Пуговица, или серебряные часы с ключиком - Вельм Альфред. Страница 29
— Чего ты еще думаешь? — спросила фрау Сагорайт.
— Нет, фрау Сагорайт, не поеду я. Он капиталист.
— Он что?.. Ах да, разумеется… — И все же она продолжала уговаривать мальчика. Возможно, что они завтра уже будут в Вуппертале.
— Нет, нет, — сказал Генрих. Никуда он от дедушки Комарека не уедет.
Фрау Сагорайт перестала гладить лошадь, спросила:
— Что-нибудь передать барону фон Ошкенату?
— Привет от меня передайте, фрау Сагорайт.
— Ну, тогда до свиданья, Генрих.
— До свиданья, фрау Сагорайт.
Он пустил Орлика рысью. В овсах остановился, сорвал несколько колосков. Лошадь прямо с его ладони губами подобрала зерна. Потом, когда он ехал уже через луг, он далеко впереди увидел мальчишку. Голова качалась из стороны в сторону, под мышкой — старый школьный ранец.

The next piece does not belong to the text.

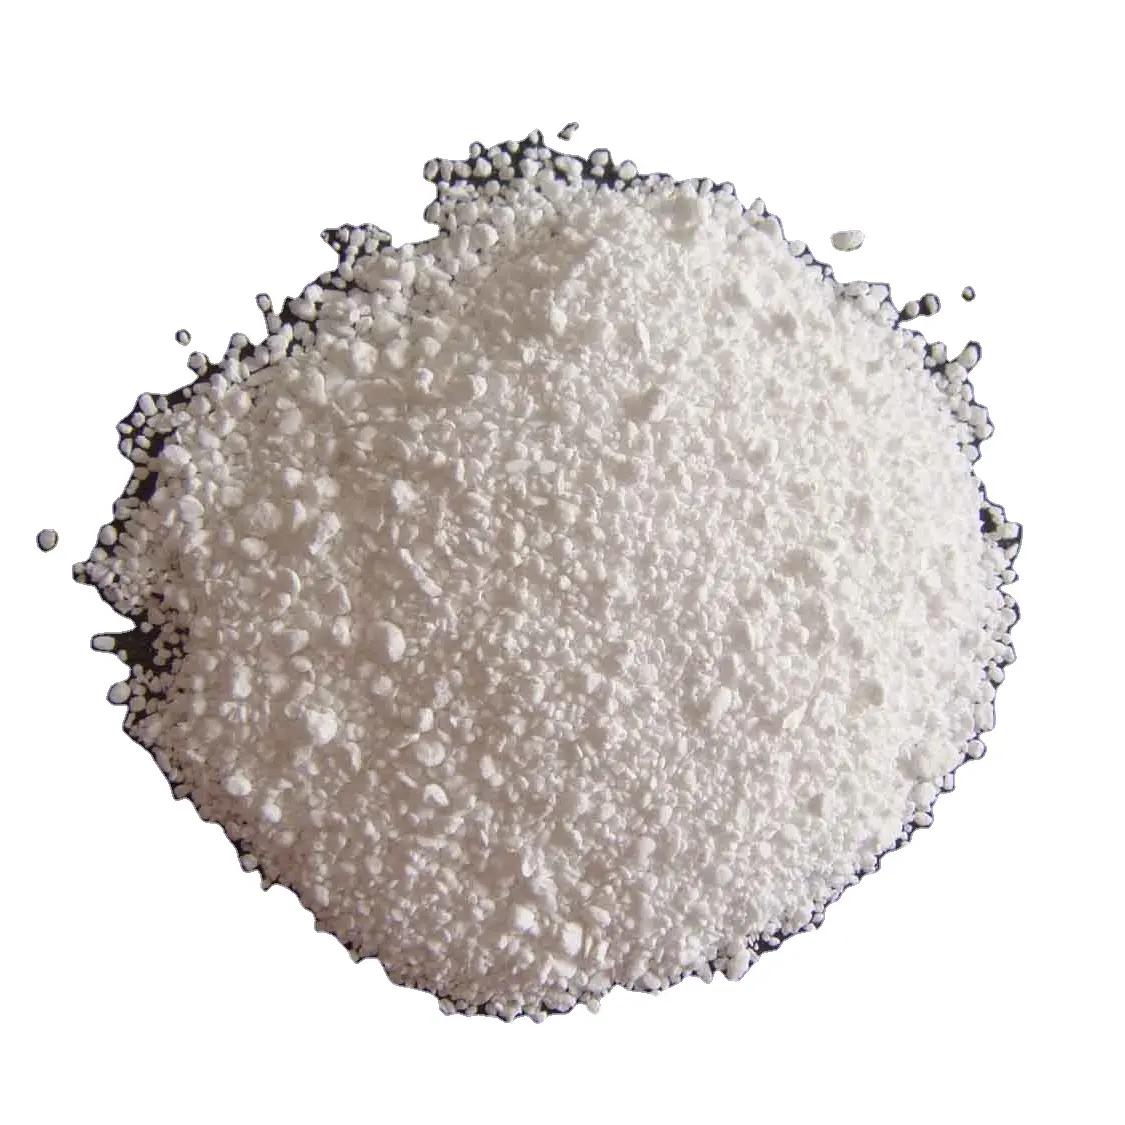 Giá thấp 120-800 lưới công nghiệp cấp 99% hoặc nhiều hơn sodium bicarbonate baking soda nahco3 bột màu trắng

Генрих нагнал его и, когда был уже совсем близко, услышал, что мальчишка разговаривает сам с собой:
— Вот и будет тебе покой. Вот и будет…
— Это я, Отвин.
Отвин, только мельком взглянув на него, продолжает говорить сам с собой:
— Будет тебе, ведьма! Будет тебе, чего сама добивалась!.. — Слова эти Отвин выкрикивает сквозь слезы, плечи его дергаются от рыданий.
— Ты чего, Отвин?
Неожиданно Отвин останавливается, как будто только теперь заметил рядом верхового, и смотрит на Генриха красными от слез глазами.
Генрих соскочил. Они поздоровались за руку.
— Проехался чуток, понимаешь? — говорит Генрих. Удивительно, только что Отвин плакал, а сейчас стоит, наклонив голову, и мечтательно смотрит вдаль…
— Это совсем твоя лошадь?
— Это Мишкина. Он мне подарил.
— Какая лохматая! Ух, какая лохматая! — Тонкие пальцы Отвина гладят и гладят гриву Орлика.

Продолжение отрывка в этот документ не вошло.